Sinopec Shanghai Petrochemical, the demand for whose products tracks the mainland economy's strength, says first-quarter chemical demand remains lacklustre despite a slight improvement from the fourth quarter of last year.
The firm's profitability has also improved from the fourth-quarter's net loss of 481.63 million yuan (HK$591 million) on the back of two price hikes in petrol and diesel, which the firm also produces besides petrochemicals, although the improvement is not sizeable, said chairman Rong Guangdao.
'Chemical prices have gone up 3 per cent in the first quarter but the cost of our raw material - crude oil - has also gone up and has remained high for a long time,' he said. 'Export sectors such as textile and other light industries remain weak, and so does domestic consumption, as reflected in property and automobile sales.'
Mainland exports grew 7.6 per cent year on year and imports grew 6.9 per cent in the first quarter, their slowest since the global financial crisis in 2009. Trade growth may remain in single-digits in the next few months, says a Citi research report.

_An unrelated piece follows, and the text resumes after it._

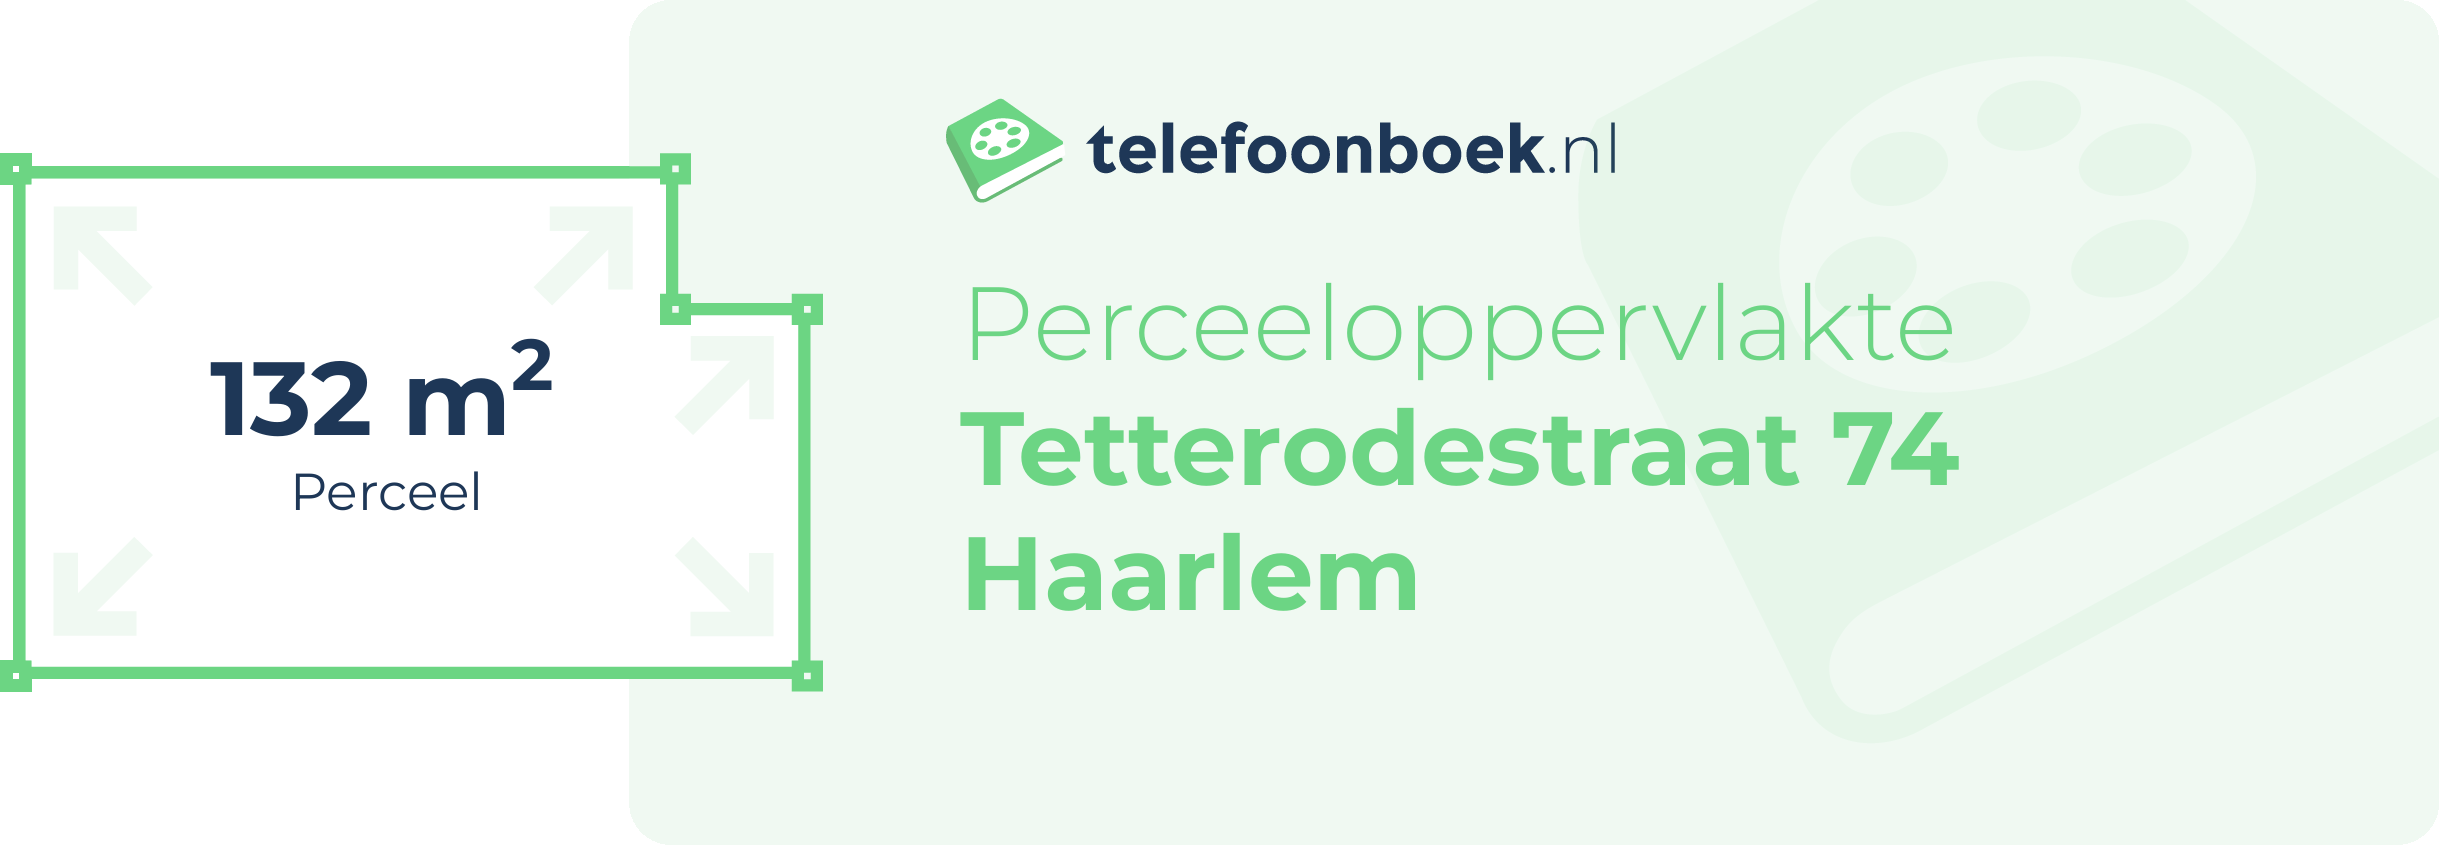 Perceeloppervlakte Tetterodestraat 74 Haarlem
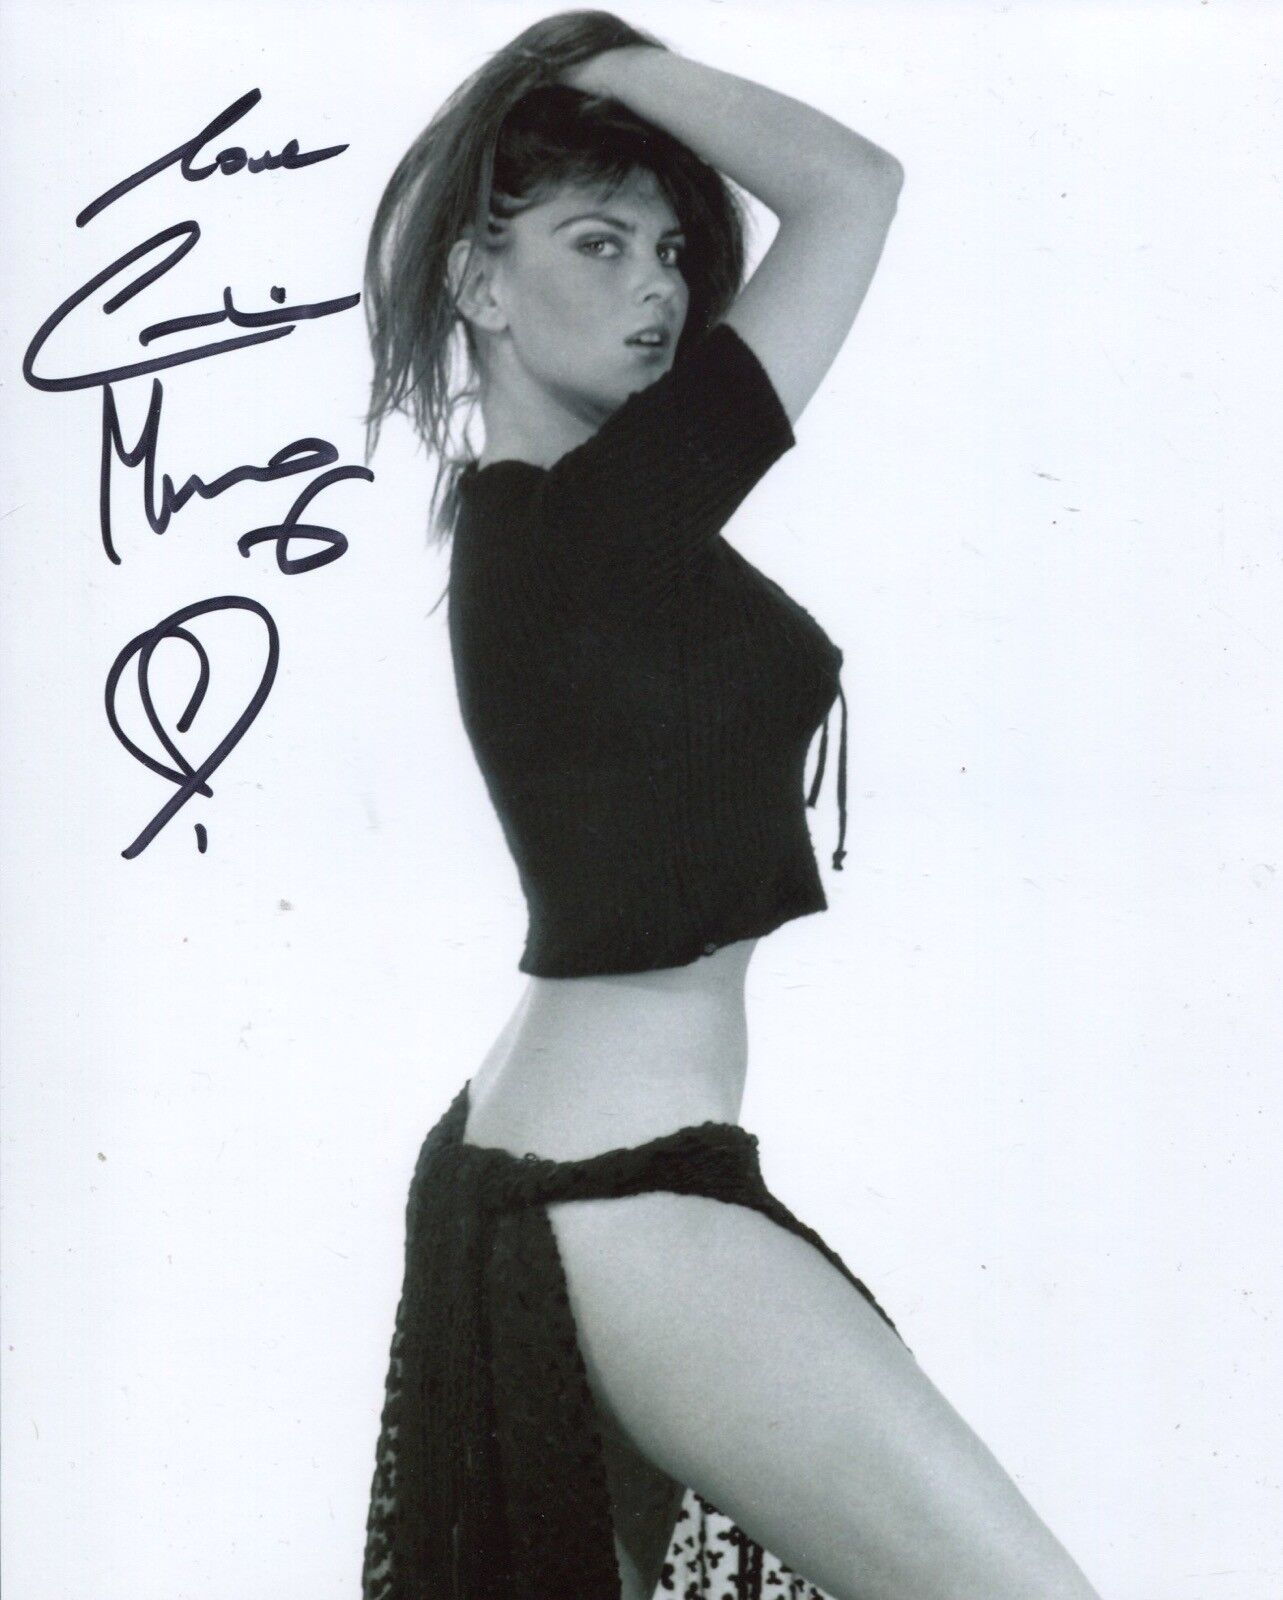 007 Bond girl Caroline Munro signed sexy pose 8x10 Photo Poster painting UACC DEALER

Sinopec Shanghai operates the second largest refinery of oil producer and refining major China Petroleum & Chemical (Sinopec). It also produces a wide range of basic chemicals such as ethylene and polypropylene, and higher value-added fine chemicals.
As a result of Beijing's refusal to raise fuel prices in tandem with international crude prices to counter inflation, Sinopec Shanghai last month posted an operating loss of 453 million yuan in oil refining for last year, compared with a profit of 1.14 billion yuan in 2010.